• ACTION ITEM
An exact repetition of the data below, without images, is the expected answer.

START GIVEN INFORMATION

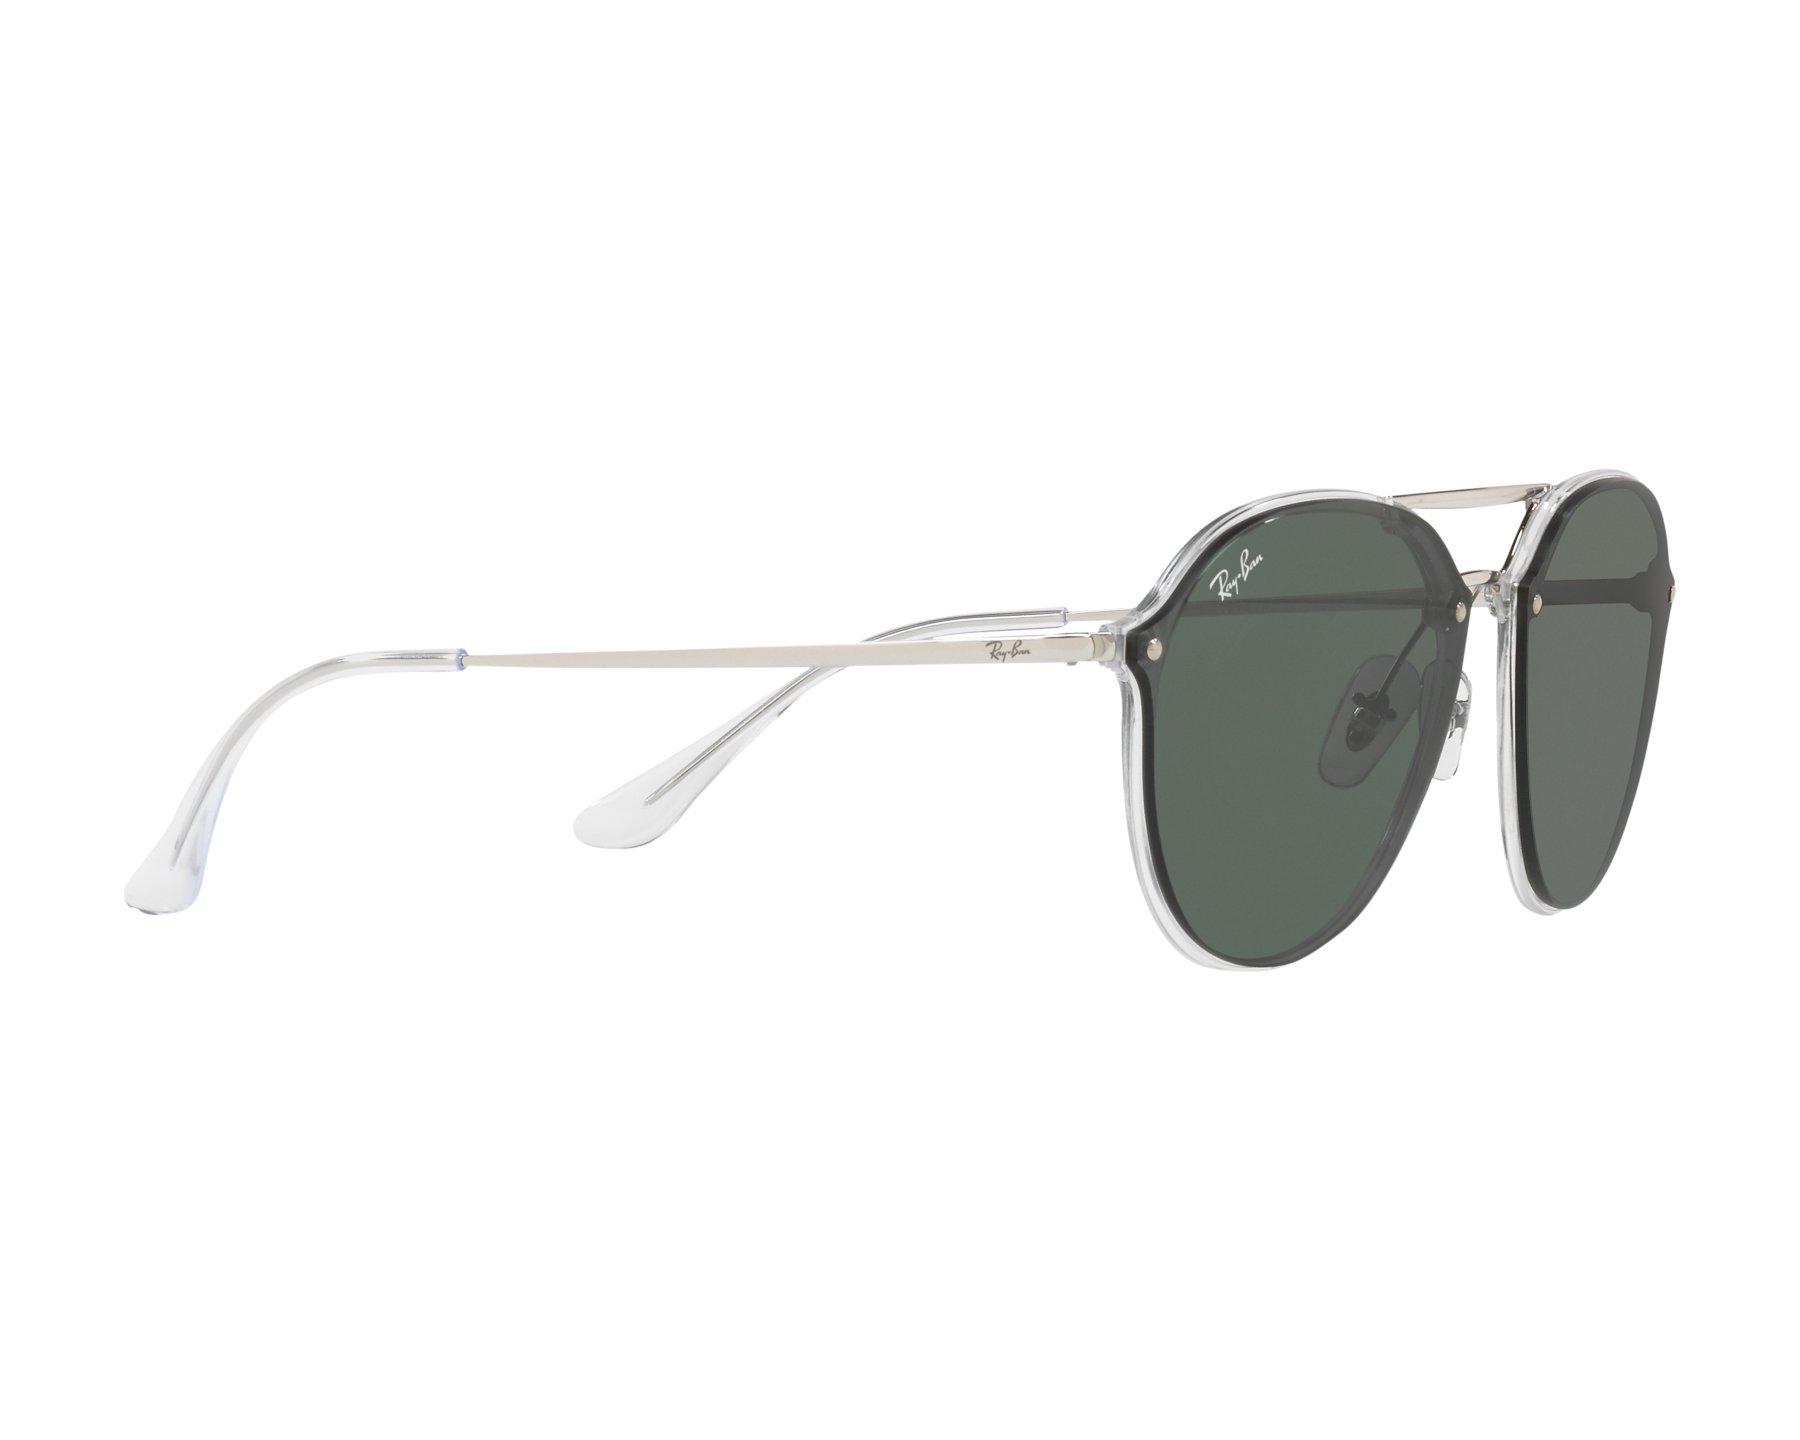 f2fcb74a4dd978 Sunglasses Ray-Ban RB-4292-N 632571 62-14 Silver Crystal 360
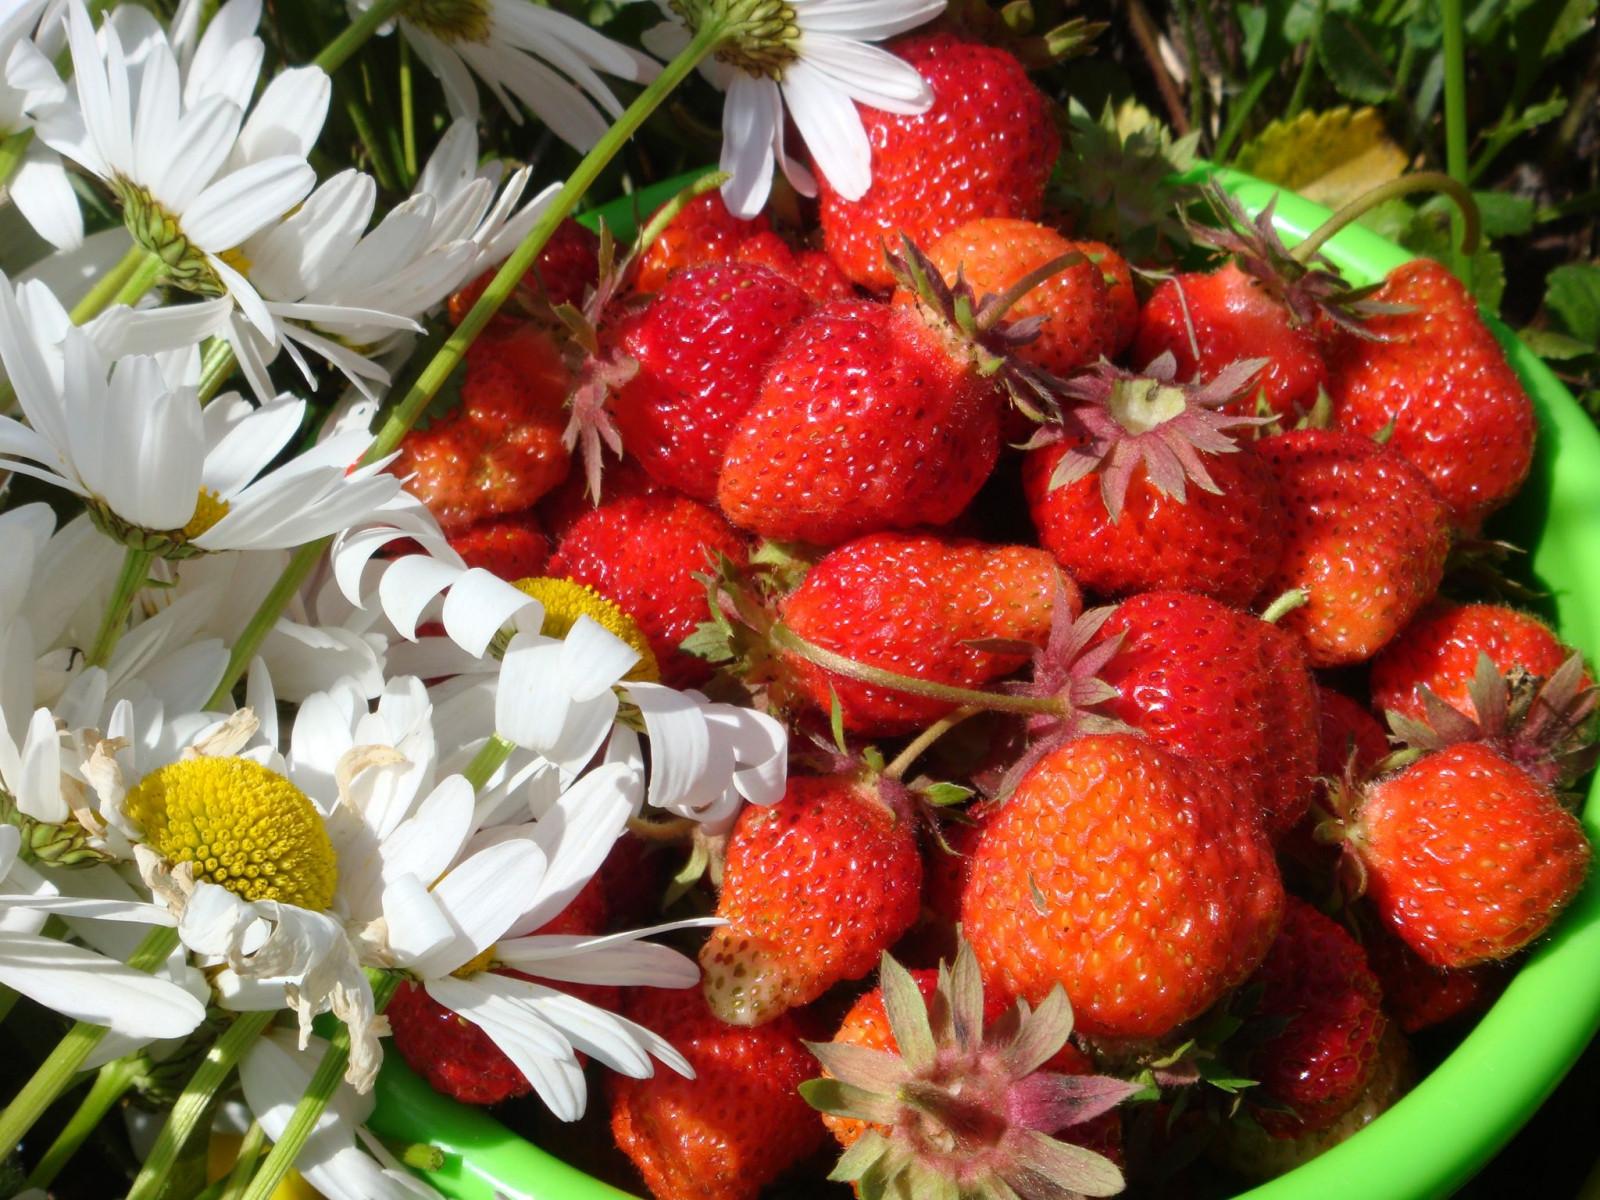 Картинки цветов и фруктов ягод, месяц
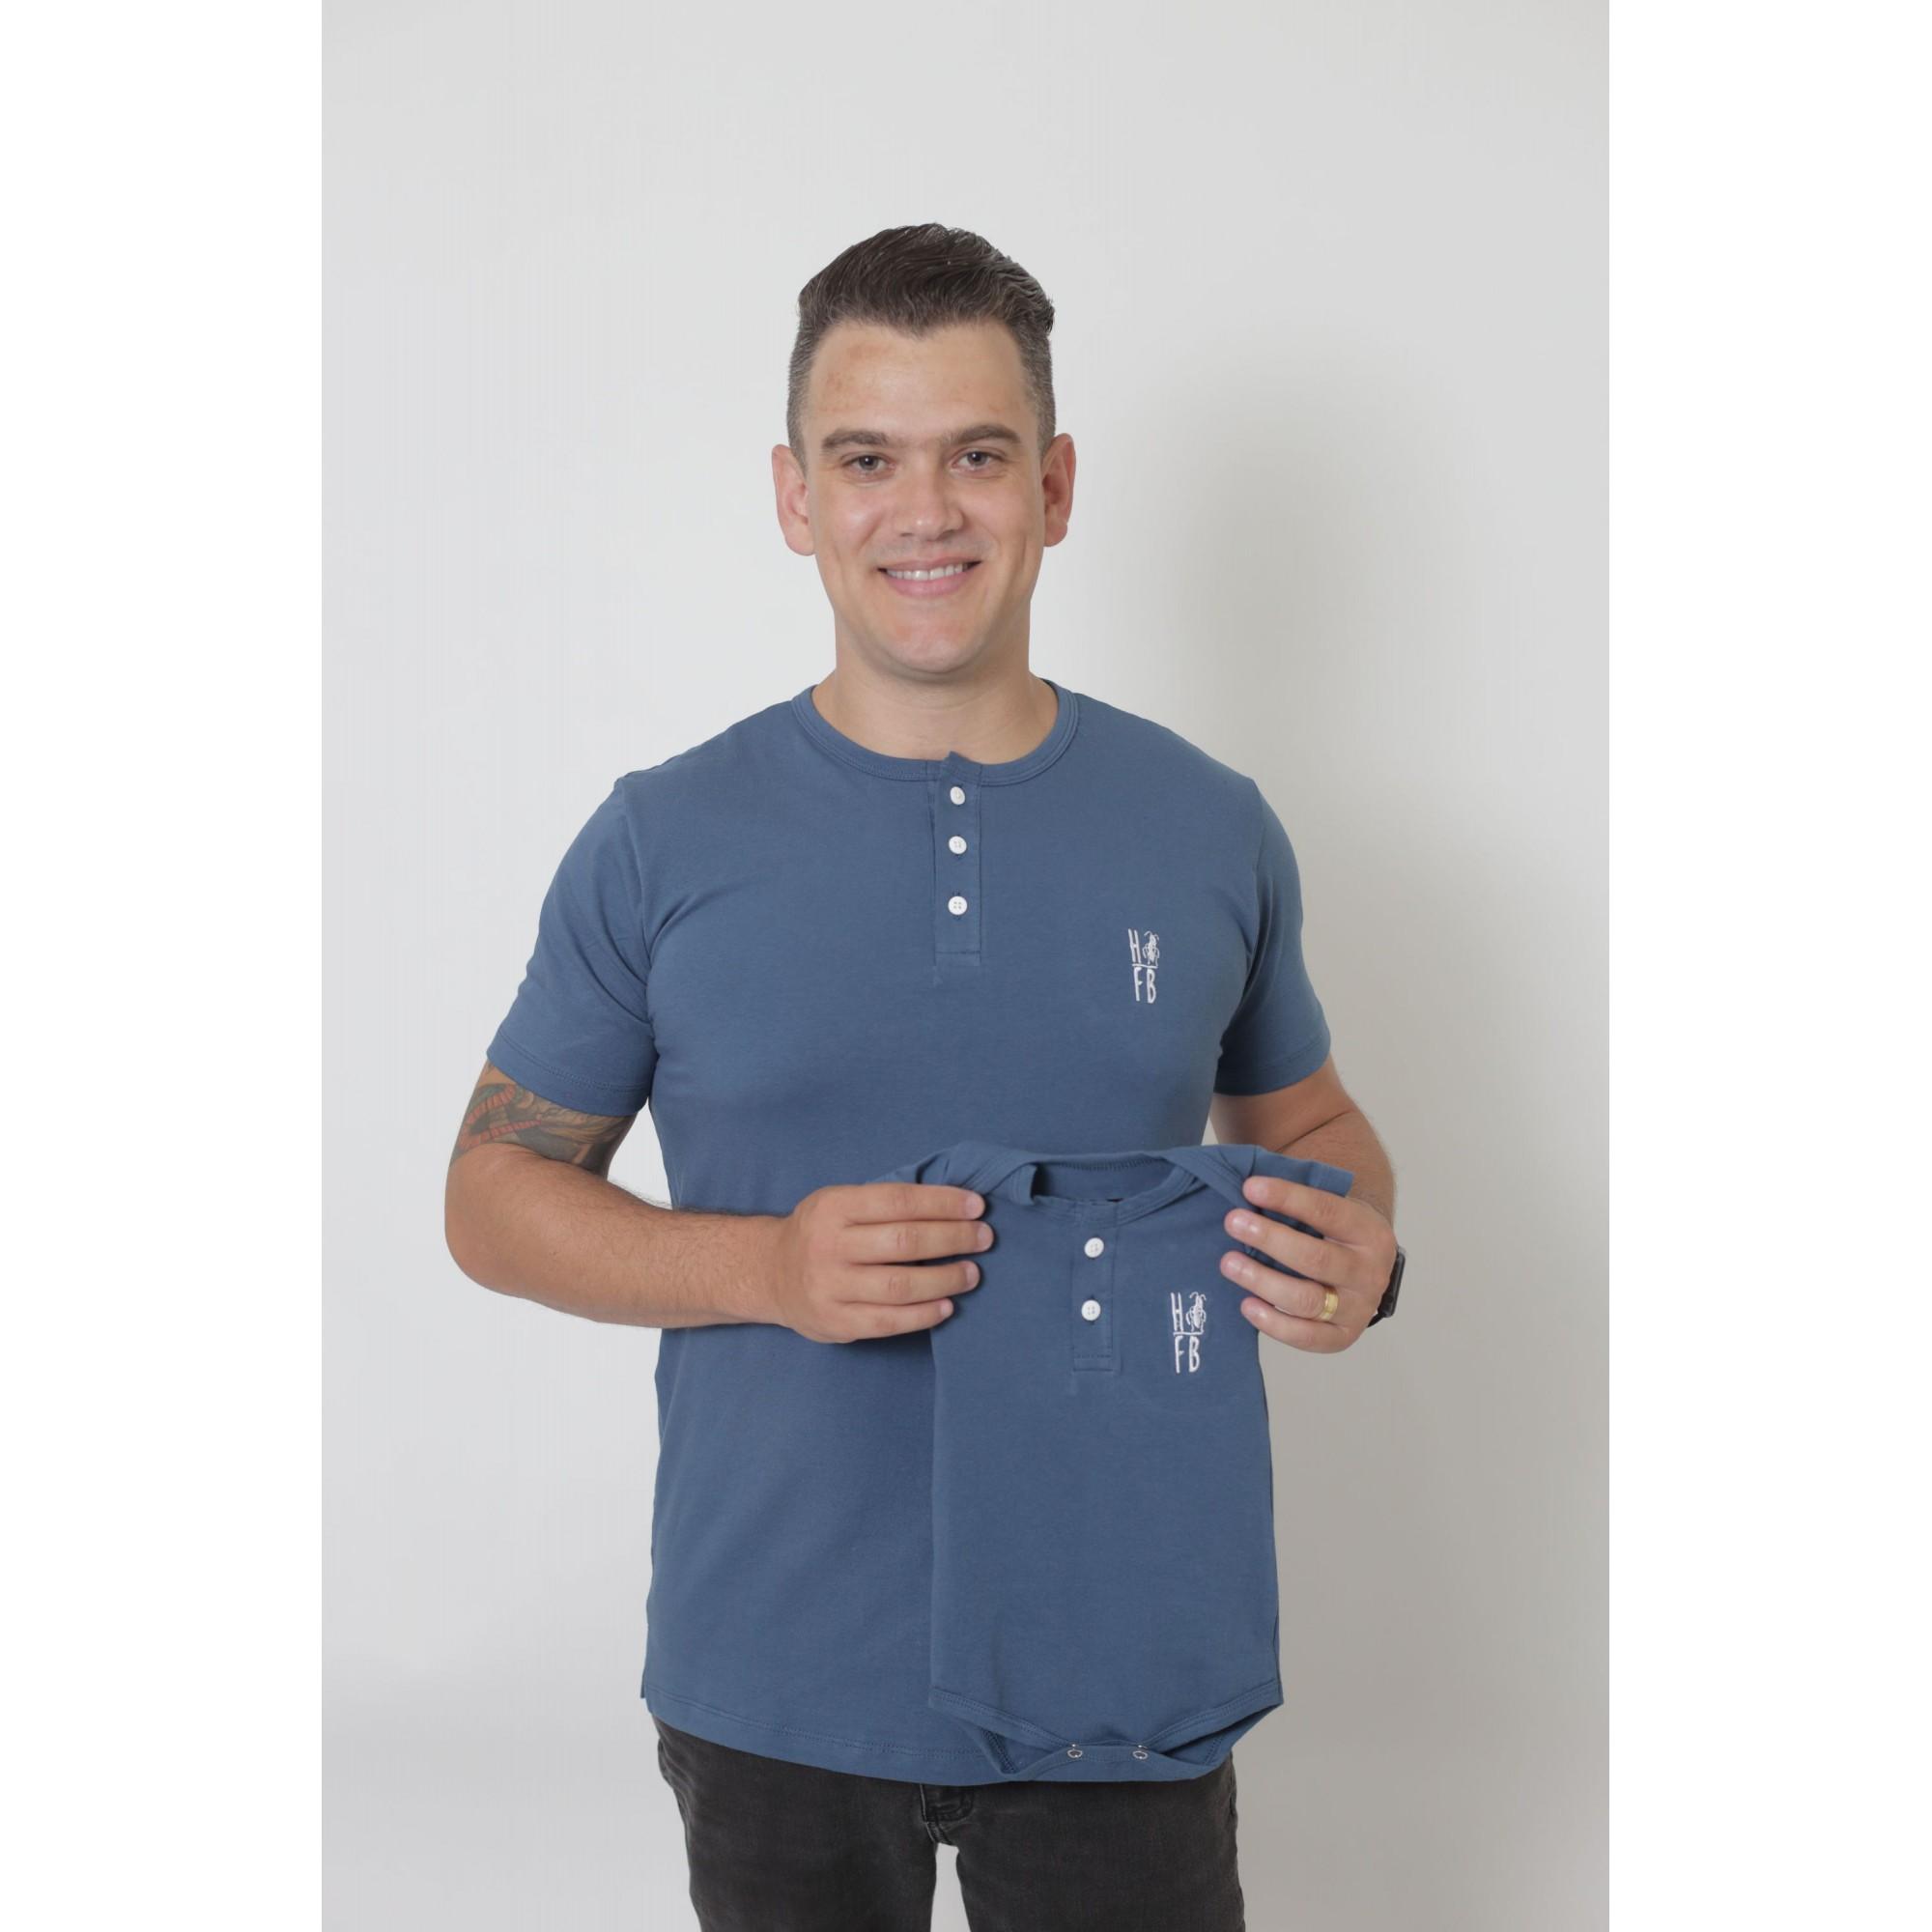 PAIS E FILHOS > Kit 3 Peças - T-Shirts + Body Unissex Henley - Azul Petróleo [Coleção Família]  - Heitor Fashion Brazil

END GIVEN INFORMATION

• EXERCISE RESULT
 f2fcb74a4dd978 Sunglasses Ray-Ban RB-4292-N 632571 62-14 Silver Crystal 360
 Картинки цветов и фруктов ягод, месяц
 PAIS E FILHOS > Kit 3 Peças - T-Shirts + Body Unissex Henley - Azul Petróleo [Coleção Família]  - Heitor Fashion Brazil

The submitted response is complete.